■ WHAT IS EXPECTED: In the data below, restate exactly the lines from the one with "Hiring A Logistics" to the final line, both included, but not the pictures.

■ INFORMATION PROVIDED:
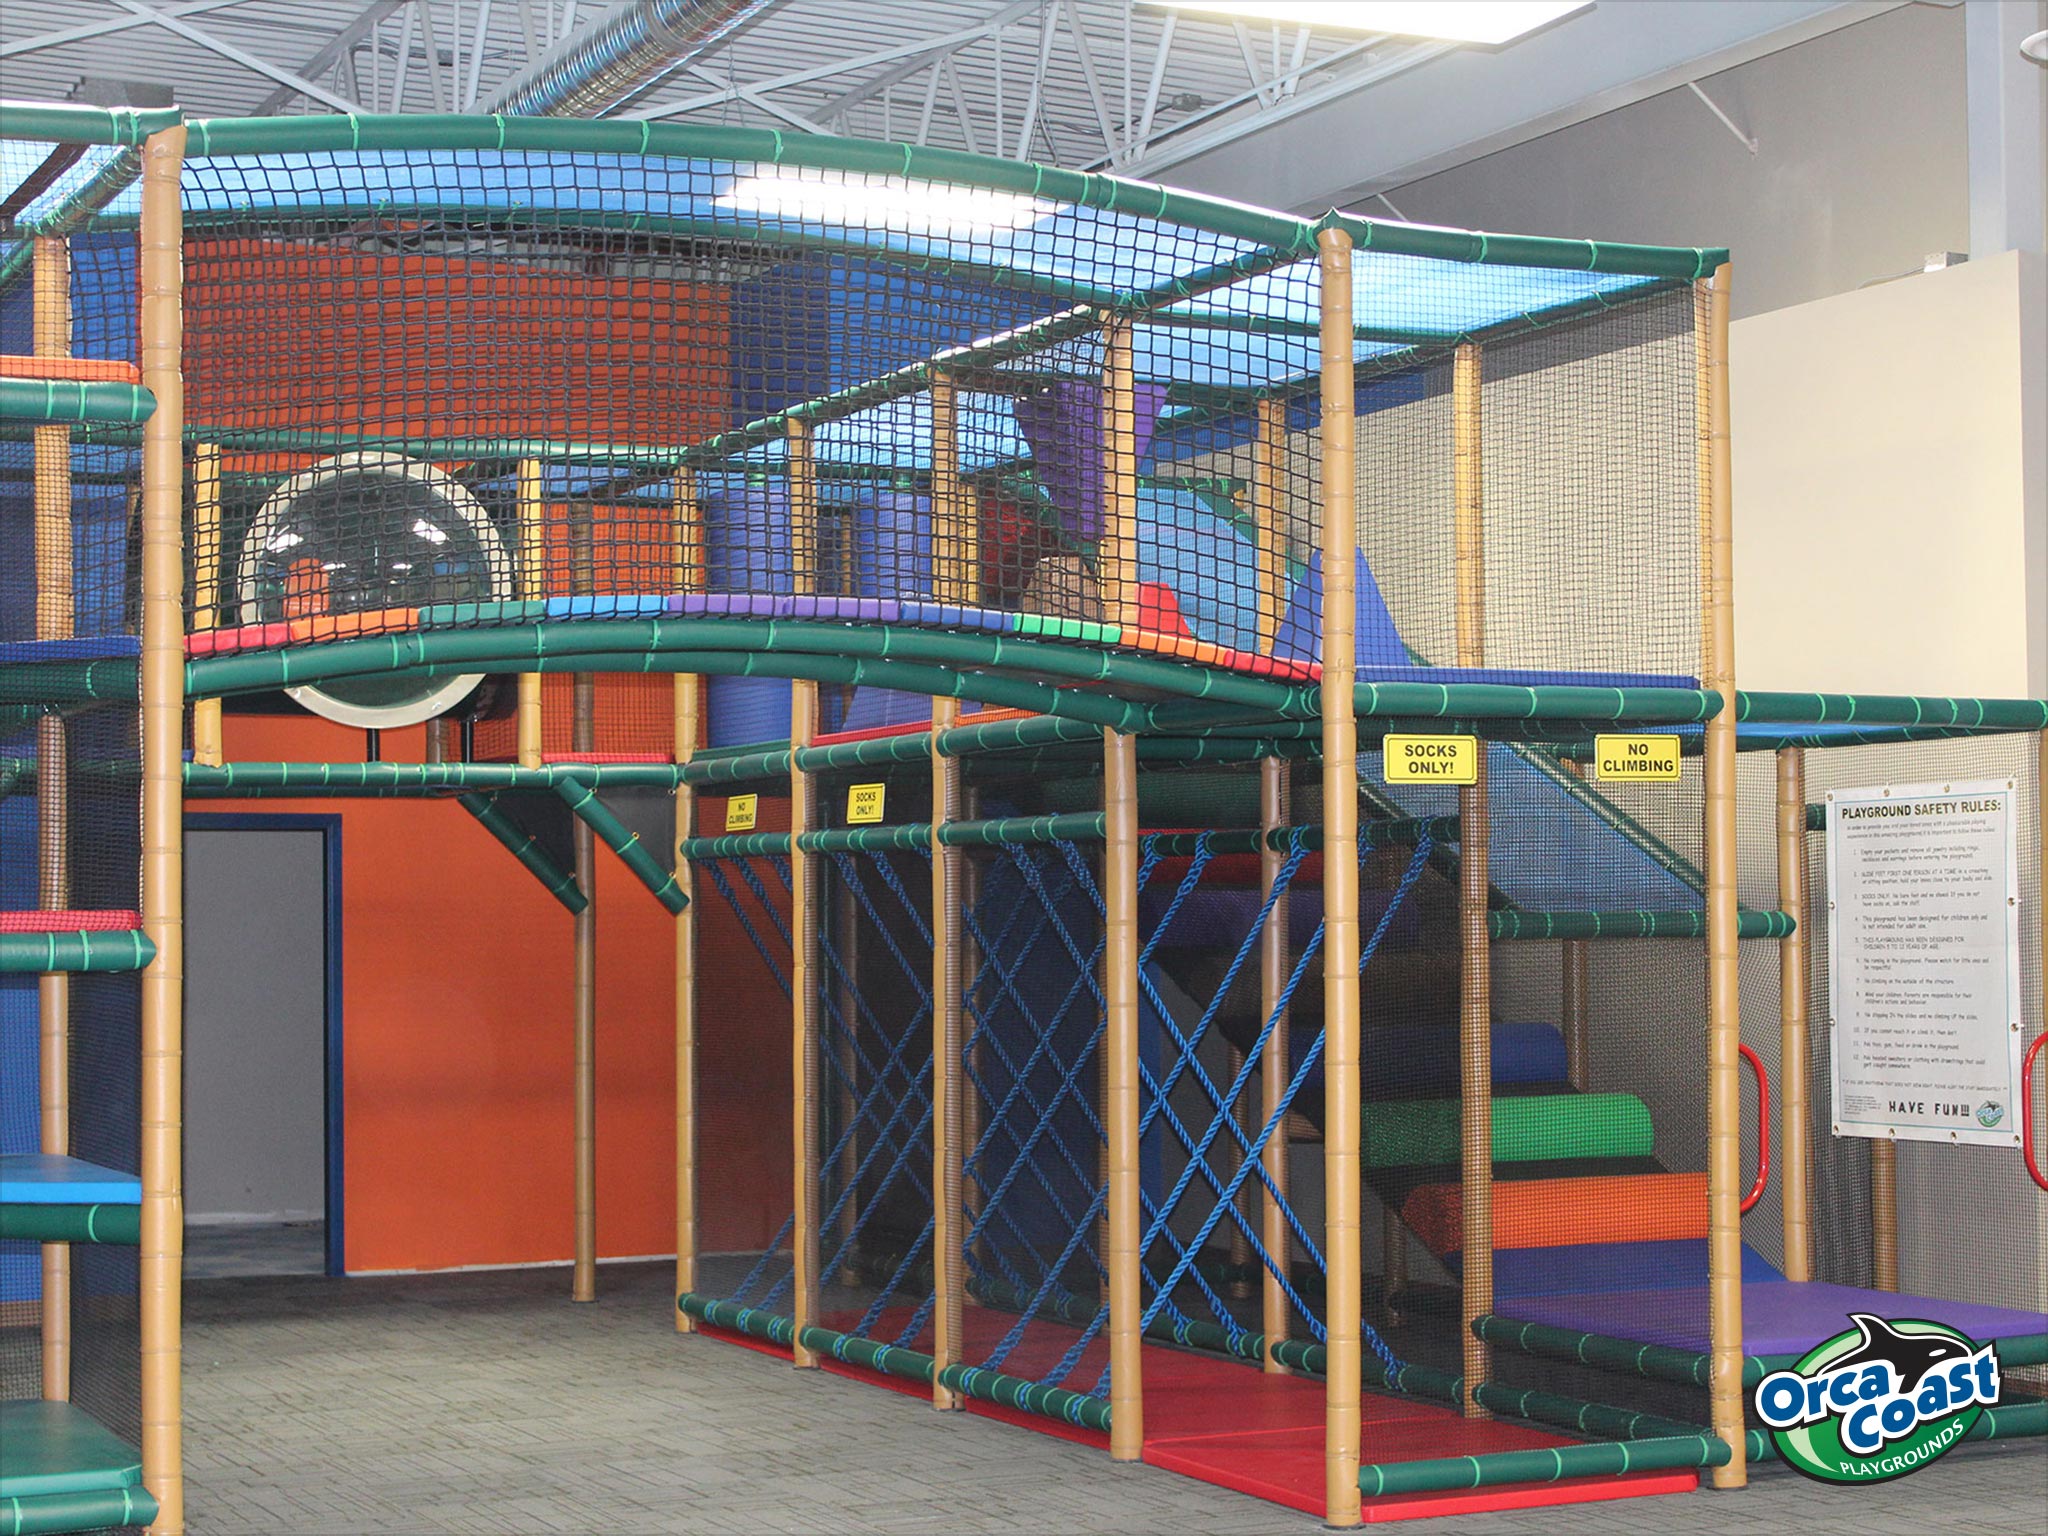 Cafe indoor playground built by orcacoastplay.com
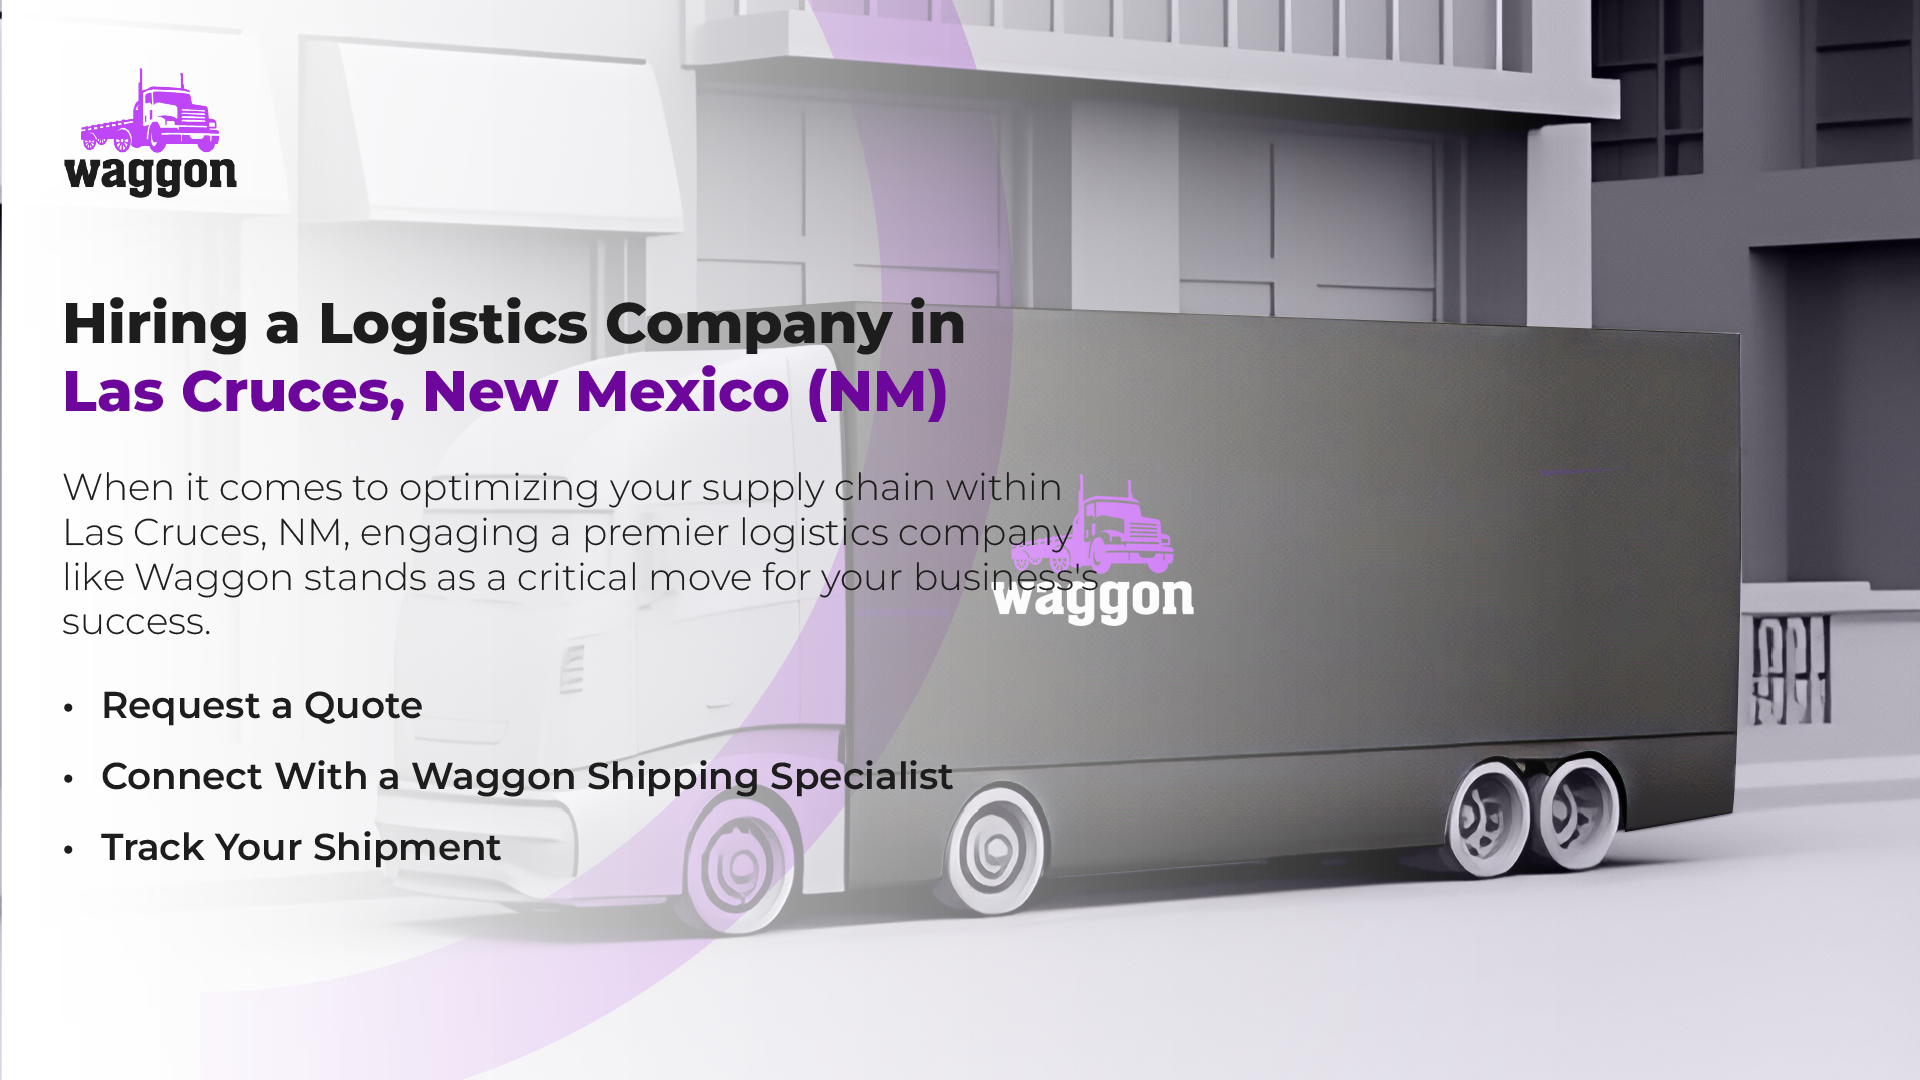 Hiring A Logistics Company in Las Cruces, New Mexico (NM)
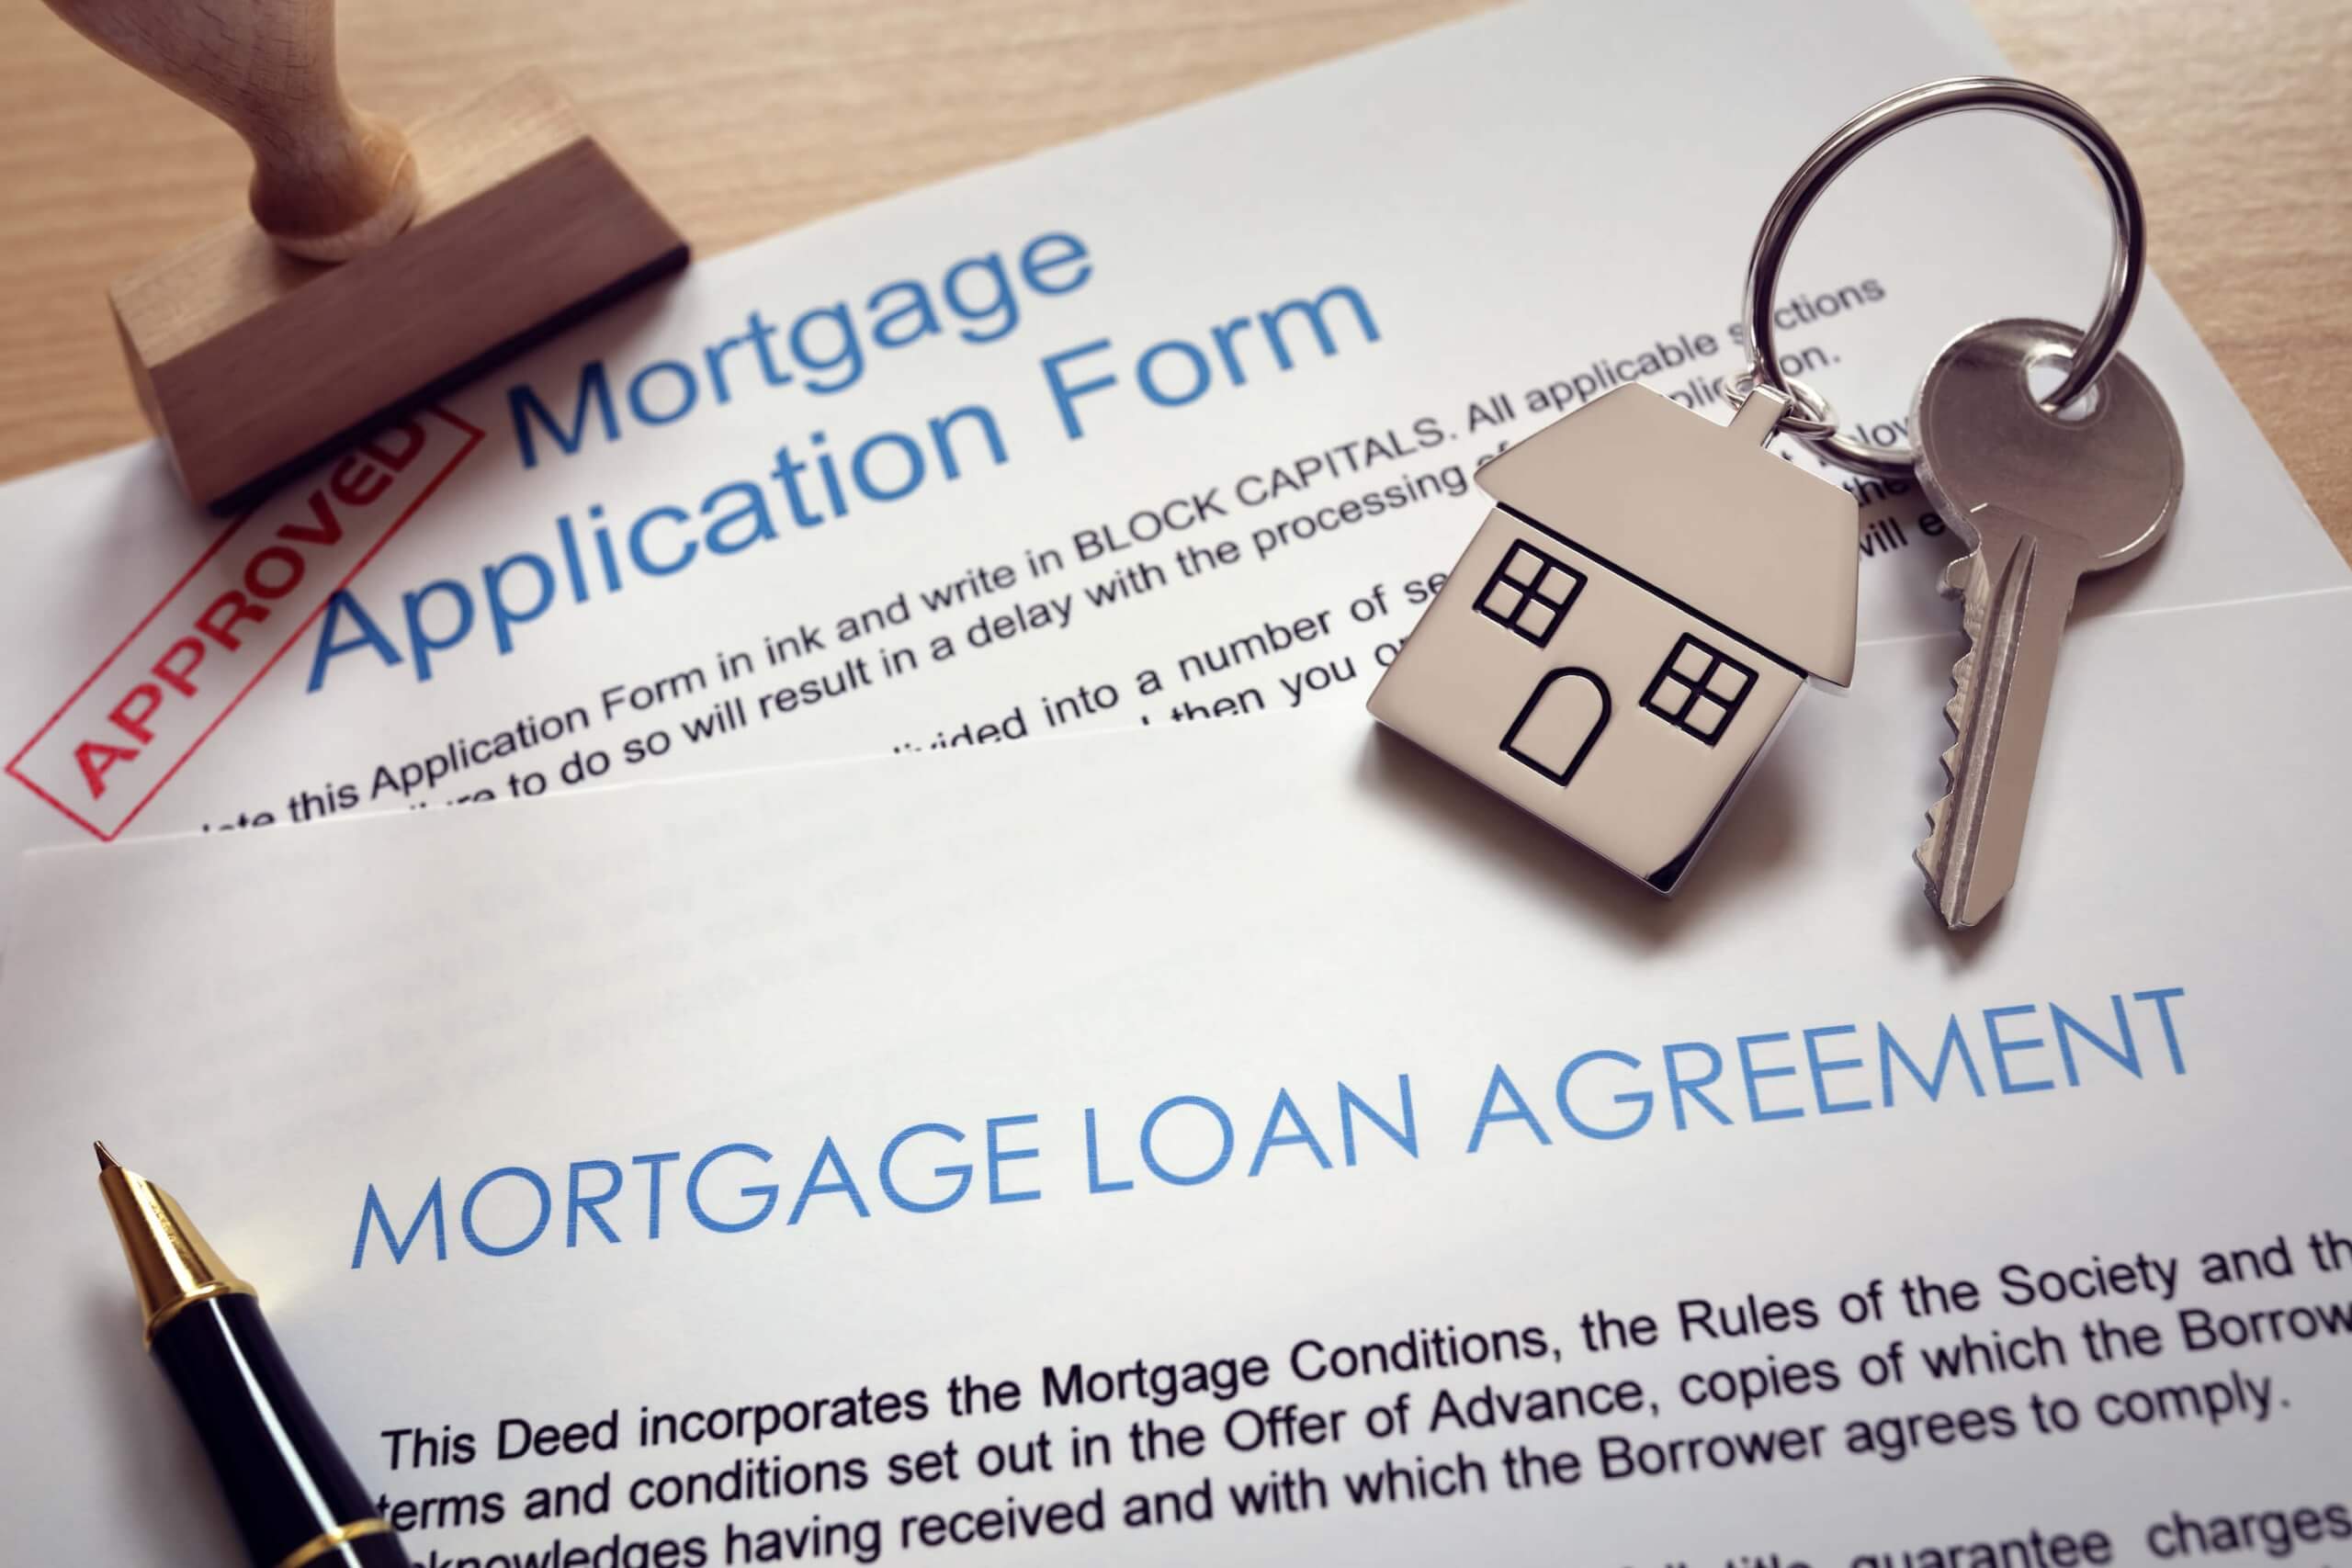 The Top 10 Mistakes To Avoid When Buying A Home In Toronto 3 Mortgage Application Loan Agreement And House Key 2022 02 02 05 05 24 Utc 1 Scaled

■ EXERCISE RESPONSE:
 Hiring A Logistics Company in Las Cruces, New Mexico (NM)
 The Top 10 Mistakes To Avoid When Buying A Home In Toronto 3 Mortgage Application Loan Agreement And House Key 2022 02 02 05 05 24 Utc 1 Scaled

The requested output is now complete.